• Task item: Below, find the line containing "Australian mist cat canvas art" and the line containing "Comic G-men Gaho No.05 Rankou - Page 3"; reproduce exactly those two and every line between them, omitting pictures.

• Input data:
Segment Open

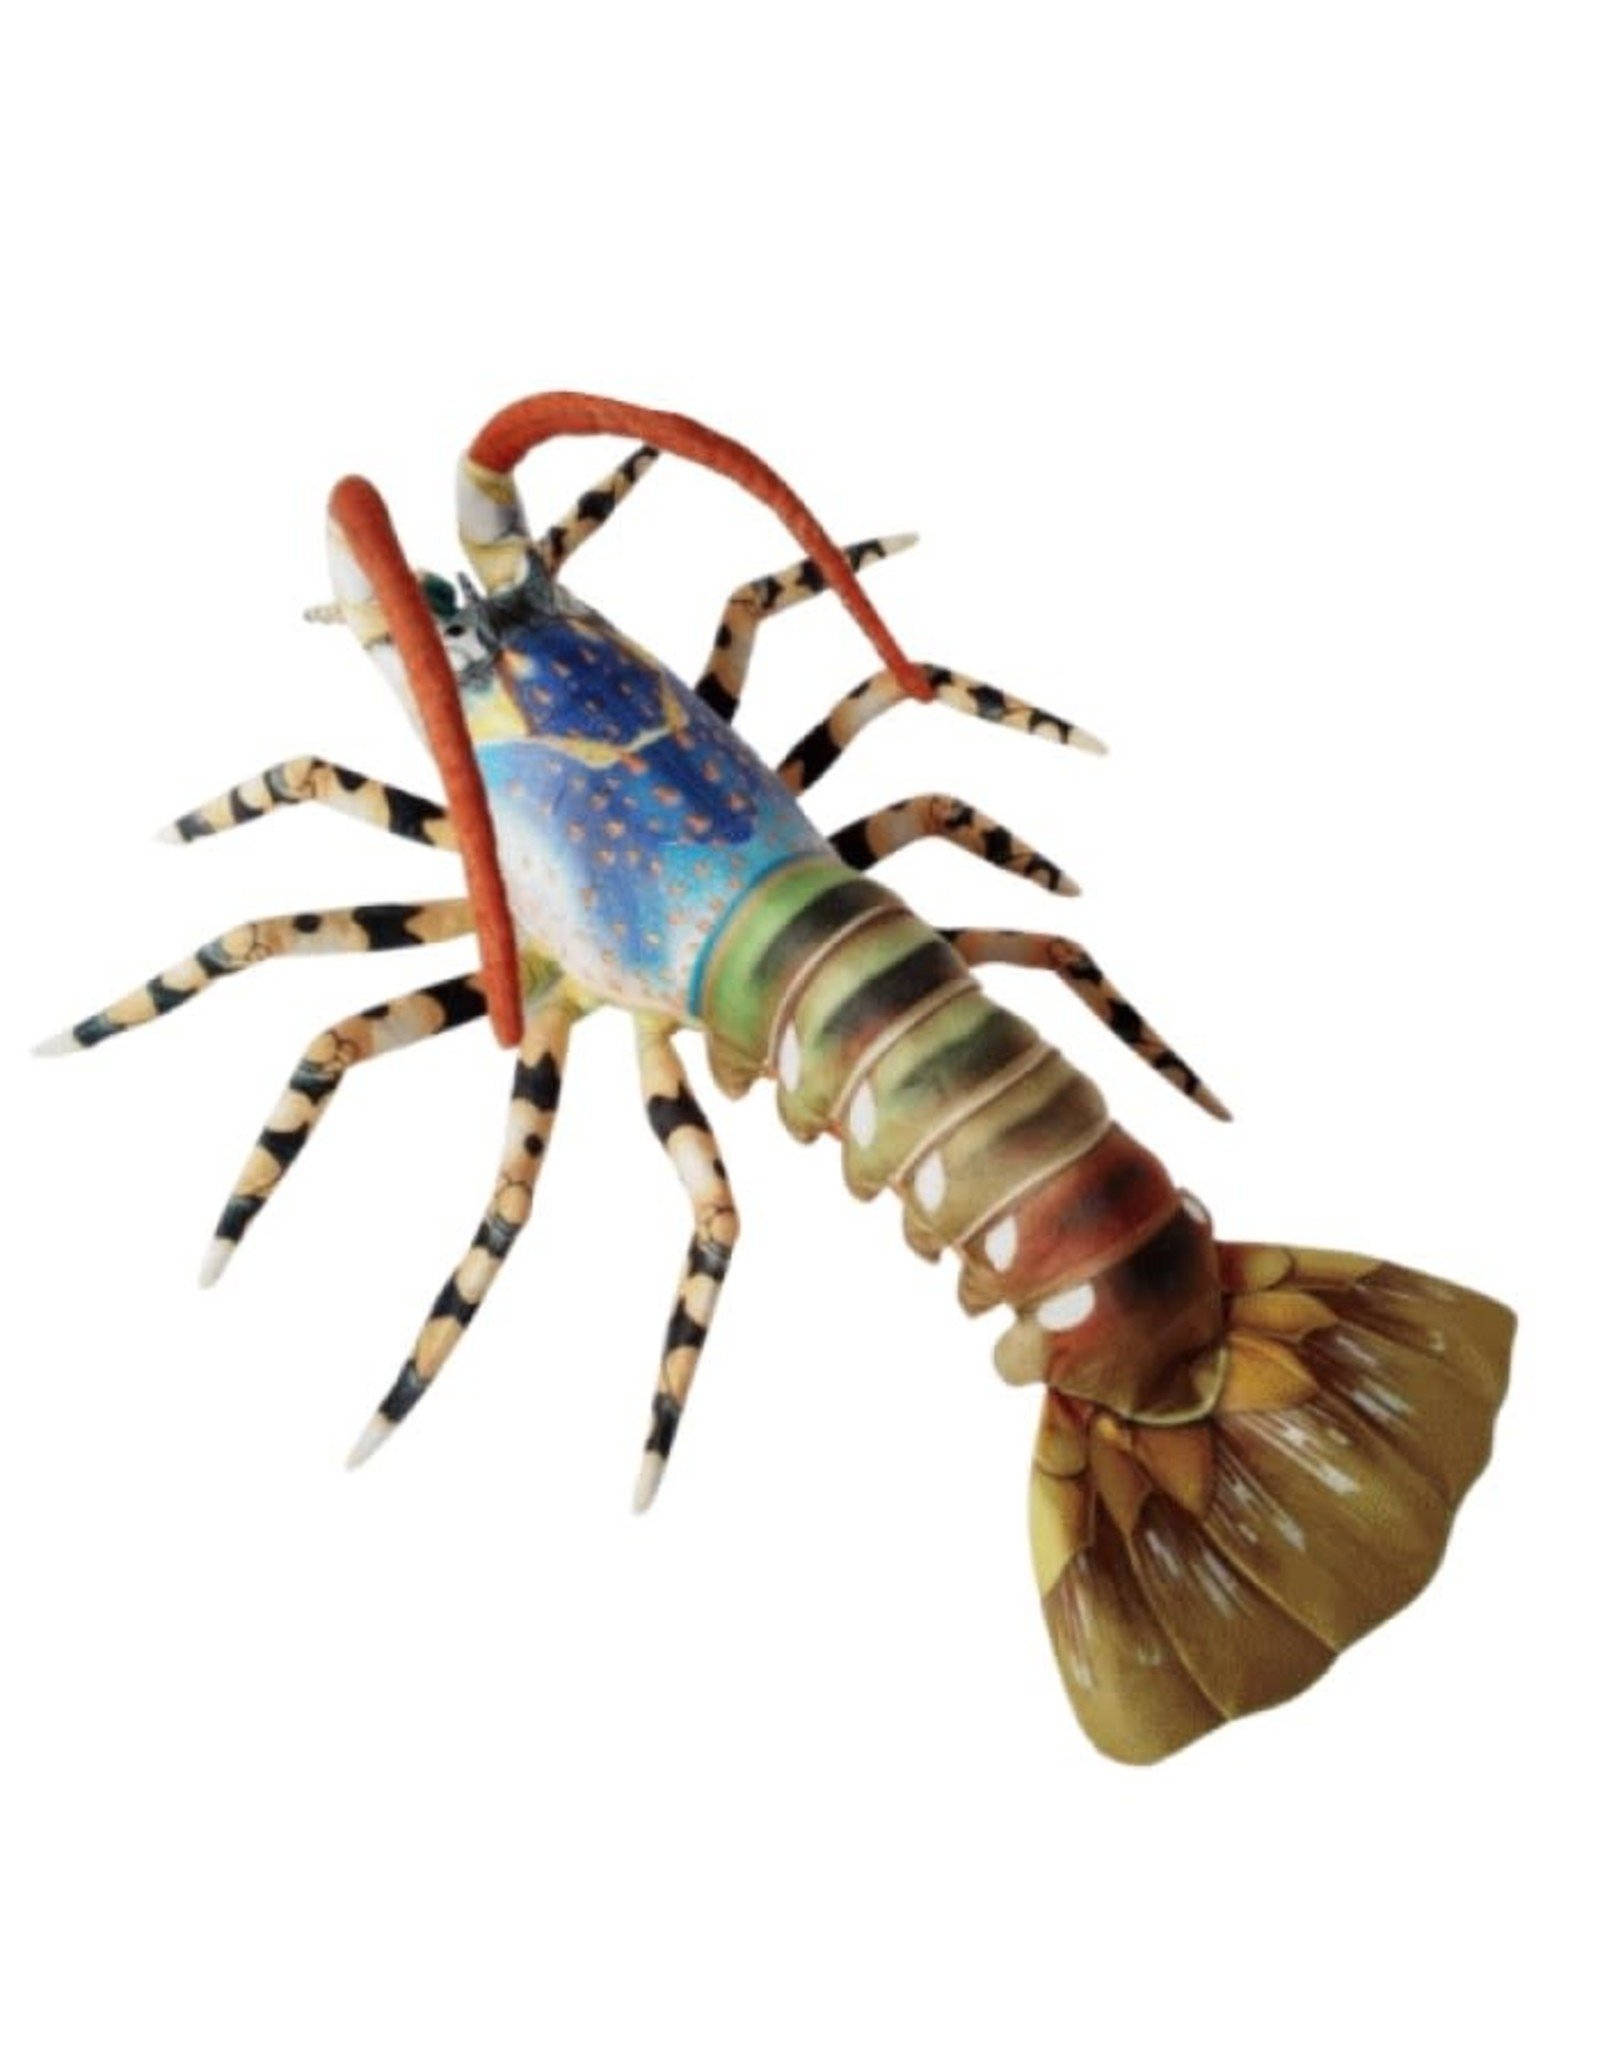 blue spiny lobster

Segment Closed
Segment Open

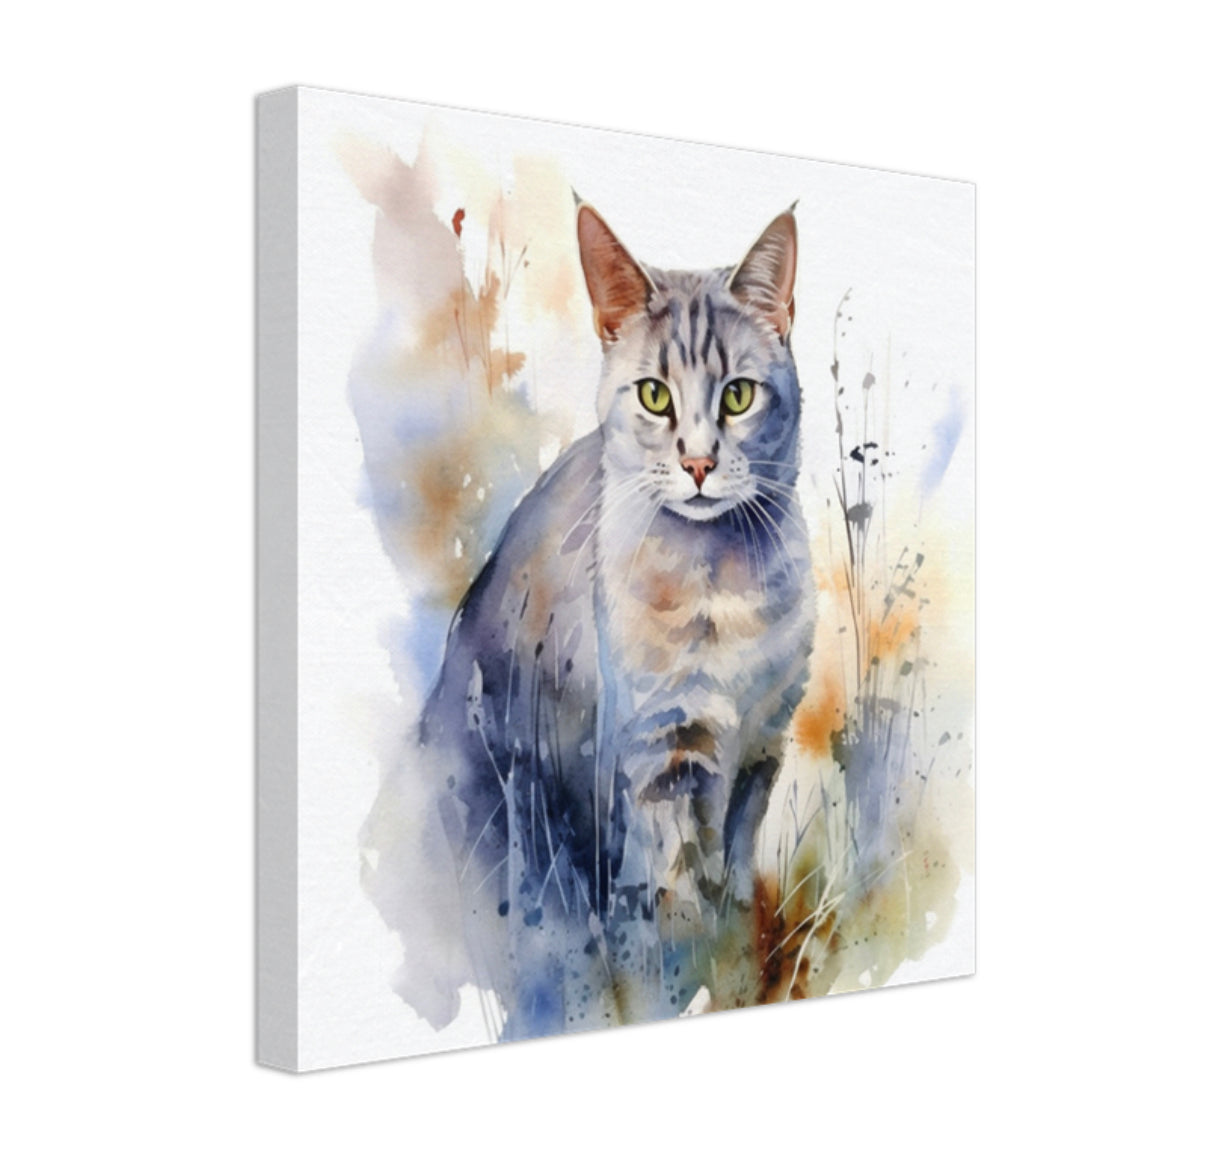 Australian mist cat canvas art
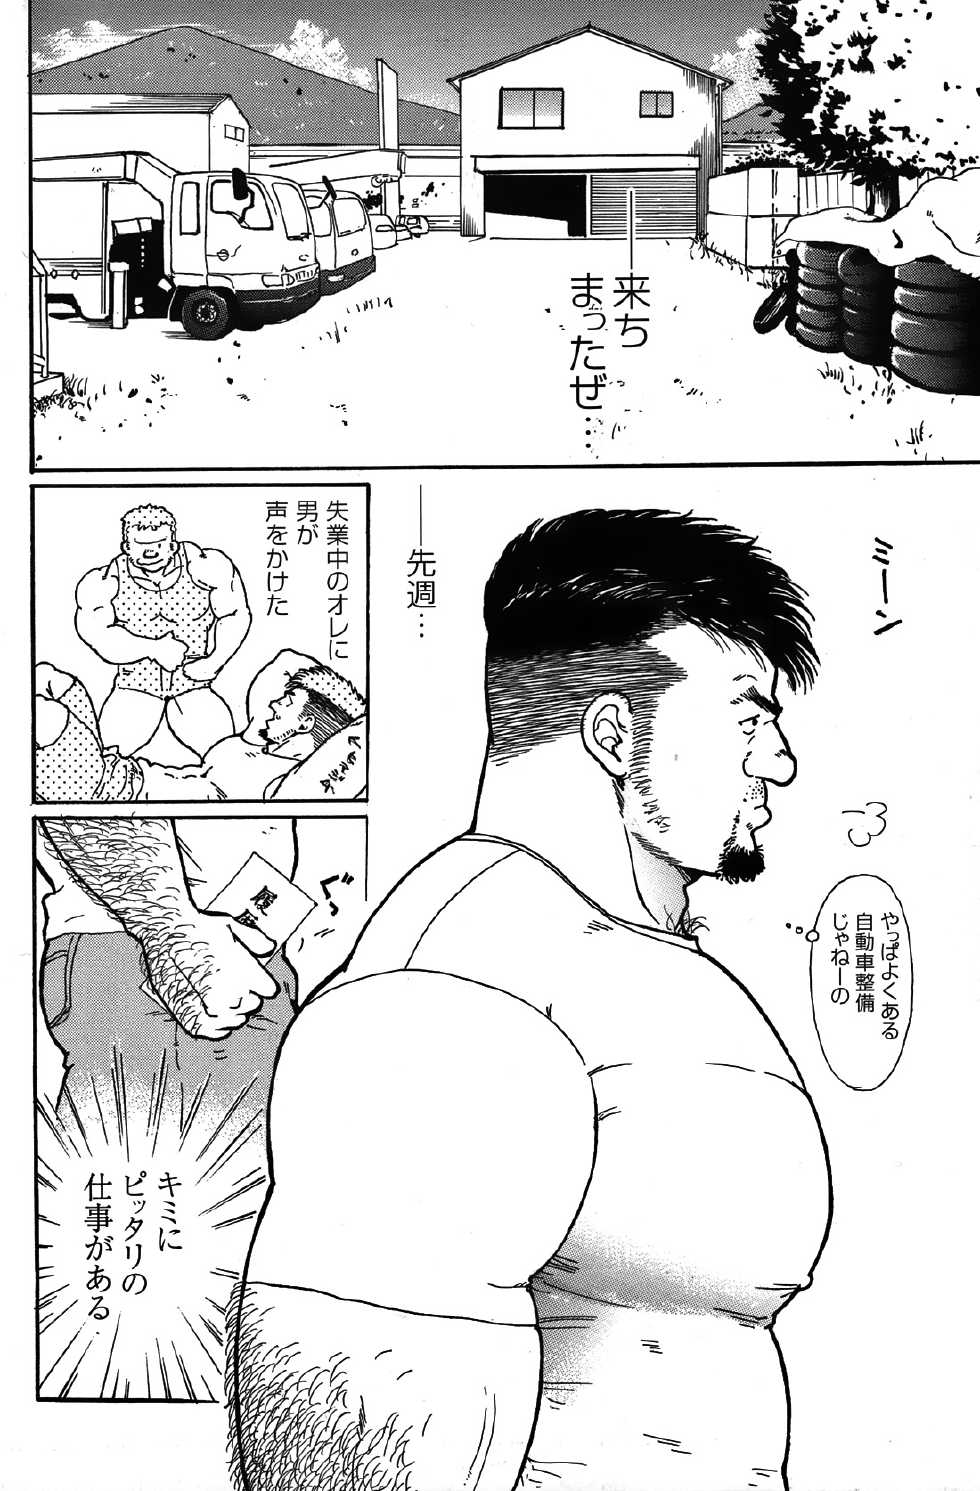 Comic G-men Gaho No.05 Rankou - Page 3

Segment Closed

• Solution for this exercise:
 Australian mist cat canvas art
 Comic G-men Gaho No.05 Rankou - Page 3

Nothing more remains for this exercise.